为了运行于本机,本文只做了细微修改和中文说明,原始文件来源于Caffe官网对应的Notebook Examples。http://nbviewer.ipython.org/github/BVLC/caffe/blob/master/examples/filter_visualization.ipynb 。建议在实验前先运行 ./scripts/download_model_binary.py models/bvlc_reference_caffenet 完成caffemodel的下载。

---Last update 2015年6月7日

import numpy as np
import matplotlib.pyplot as plt
%matplotlib inline

# 切换工作目录到 caffe-master
%cd '/home/ouxinyu/caffe-master'

# Make sure that caffe is on the python path:
caffe_root = './'  # this file is expected to be in {caffe_root}/examples
import sys
sys.path.insert(0, caffe_root + 'python')

import caffe

plt.rcParams['figure.figsize'] = (10, 10)
plt.rcParams['image.interpolation'] = 'nearest'
plt.rcParams['image.cmap'] = 'gray'

import os
if not os.path.isfile(caffe_root + 'models/bvlc_reference_caffenet/bvlc_reference_caffenet.caffemodel'):
    print("Downloading pre-trained CaffeNet model...")
    ! scripts/download_model_binary.py ../models/bvlc_reference_caffenet
/home/ouxinyu/caffe-master

Set Caffe to CPU mode, load the net in the test phase for inference, and configure input preprocessing.

caffe.set_mode_cpu()
net = caffe.Net(caffe_root + 'models/bvlc_reference_caffenet/deploy.prototxt',
                caffe_root + 'models/bvlc_reference_caffenet/bvlc_reference_caffenet.caffemodel',
                caffe.TEST)

# input preprocessing: 'data' is the name of the input blob == net.inputs[0]
transformer = caffe.io.Transformer({'data': net.blobs['data'].data.shape})
transformer.set_transpose('data', (2,0,1))
transformer.set_mean('data', np.load(caffe_root + 'python/caffe/imagenet/ilsvrc_2012_mean.npy').mean(1).mean(1)) # mean pixel
transformer.set_raw_scale('data', 255)  # the reference model operates on images in [0,255] range instead of [0,1]
transformer.set_channel_swap('data', (2,1,0))  # the reference model has channels in BGR order instead of RGB

Classify the image by reshaping the net for the single input then doing the forward pass.

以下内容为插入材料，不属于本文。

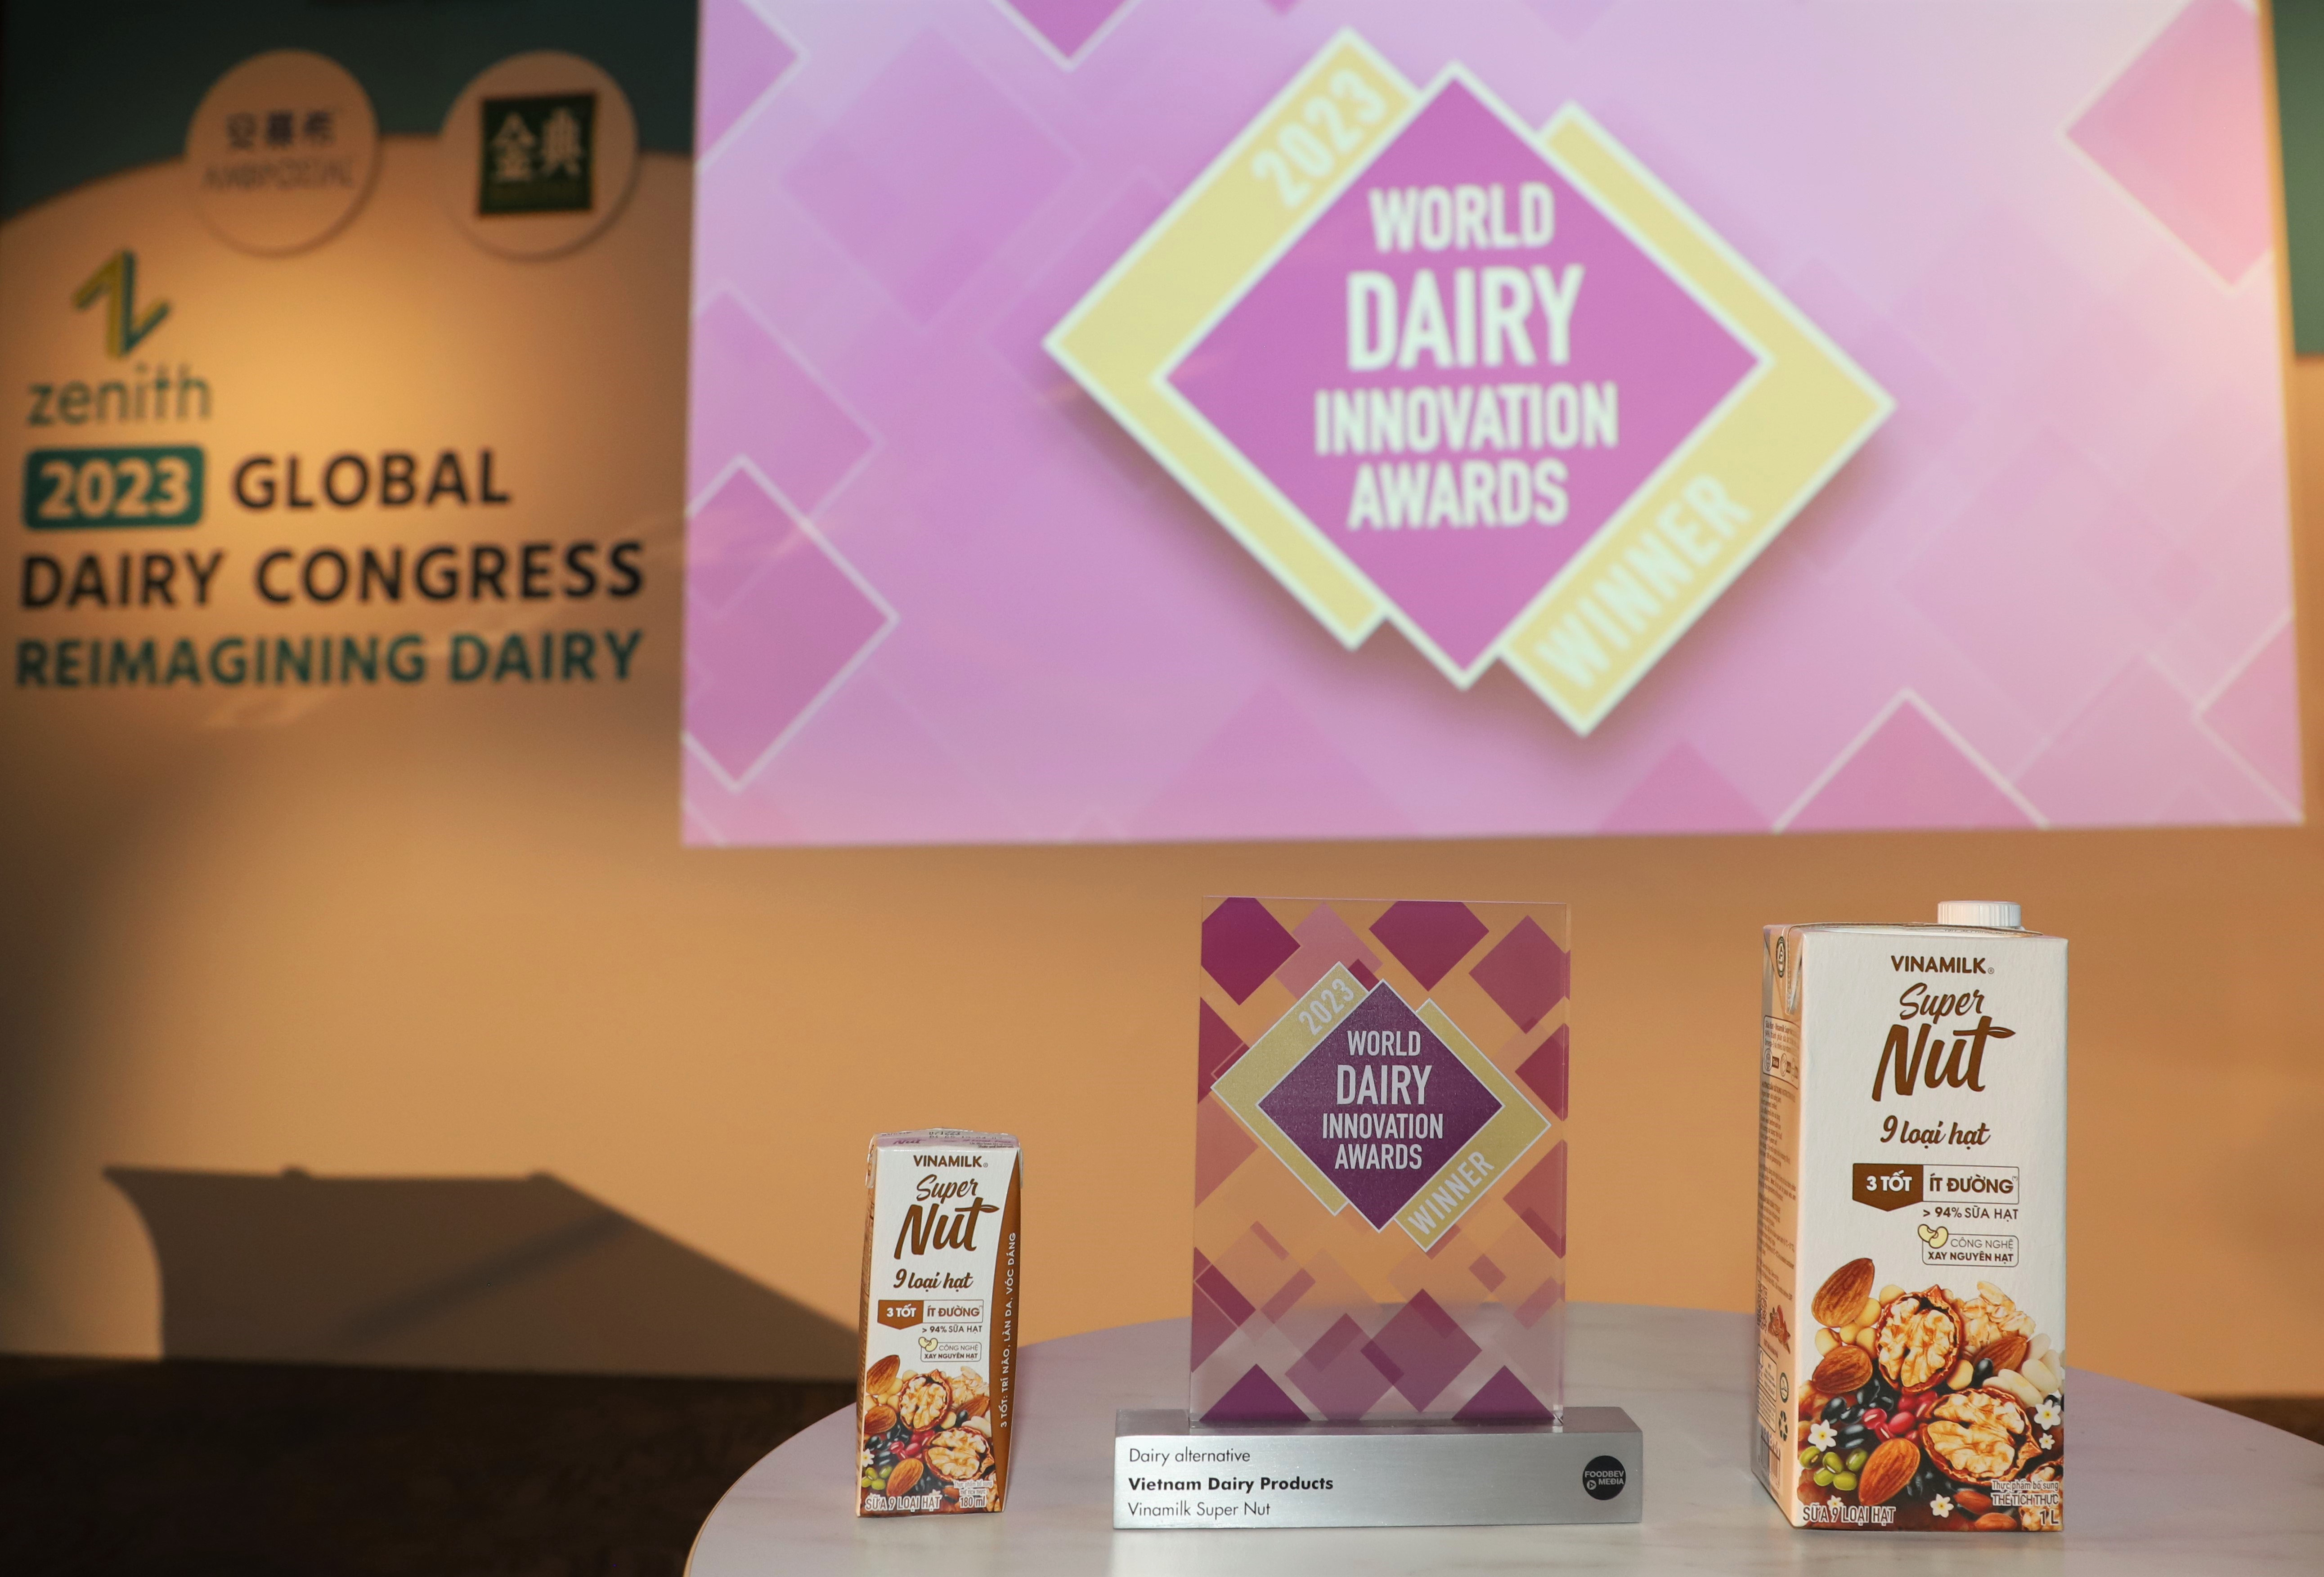 Tại Hội nghị sữa to&agrave;n cầu 2023 mới đ&acirc;y, Sữa 9 loại hạt Vinamilk Super Nut l&agrave; sản phẩm được vinh danh &ldquo;qu&aacute;n qu&acirc;n&rdquo; tại giải thưởng The World Dairy Innovation Awards 2023 (Giải thưởng Ng&agrave;nh sữa to&agrave;n cầu về đổi mới năm 2023).

net.blobs['data'].reshape(1,3,227,227)
net.blobs['data'].data[...] = transformer.preprocess('data', caffe.io.load_image(caffe_root + 'examples/images/cat.jpg'))
out = net.forward()
print("Predicted class is #{}.".format(out['prob'].argmax()))
Predicted class is #281.

The layer features and their shapes (1 is the batch size, corresponding to the single input image in this example).

[(k, v.data.shape) for k, v in net.blobs.items()]
[('data', (1, 3, 227, 227)),
 ('conv1', (1, 96, 55, 55)),
 ('pool1', (1, 96, 27, 27)),
 ('norm1', (1, 96, 27, 27)),
 ('conv2', (1, 256, 27, 27)),
 ('pool2', (1, 256, 13, 13)),
 ('norm2', (1, 256, 13, 13)),
 ('conv3', (1, 384, 13, 13)),
 ('conv4', (1, 384, 13, 13)),
 ('conv5', (1, 256, 13, 13)),
 ('pool5', (1, 256, 6, 6)),
 ('fc6', (1, 4096)),
 ('fc7', (1, 4096)),
 ('fc8', (1, 1000)),
 ('prob', (1, 1000))]

The parameters and their shapes. The parameters are net.params['name'][0] while biases are net.params['name'][1].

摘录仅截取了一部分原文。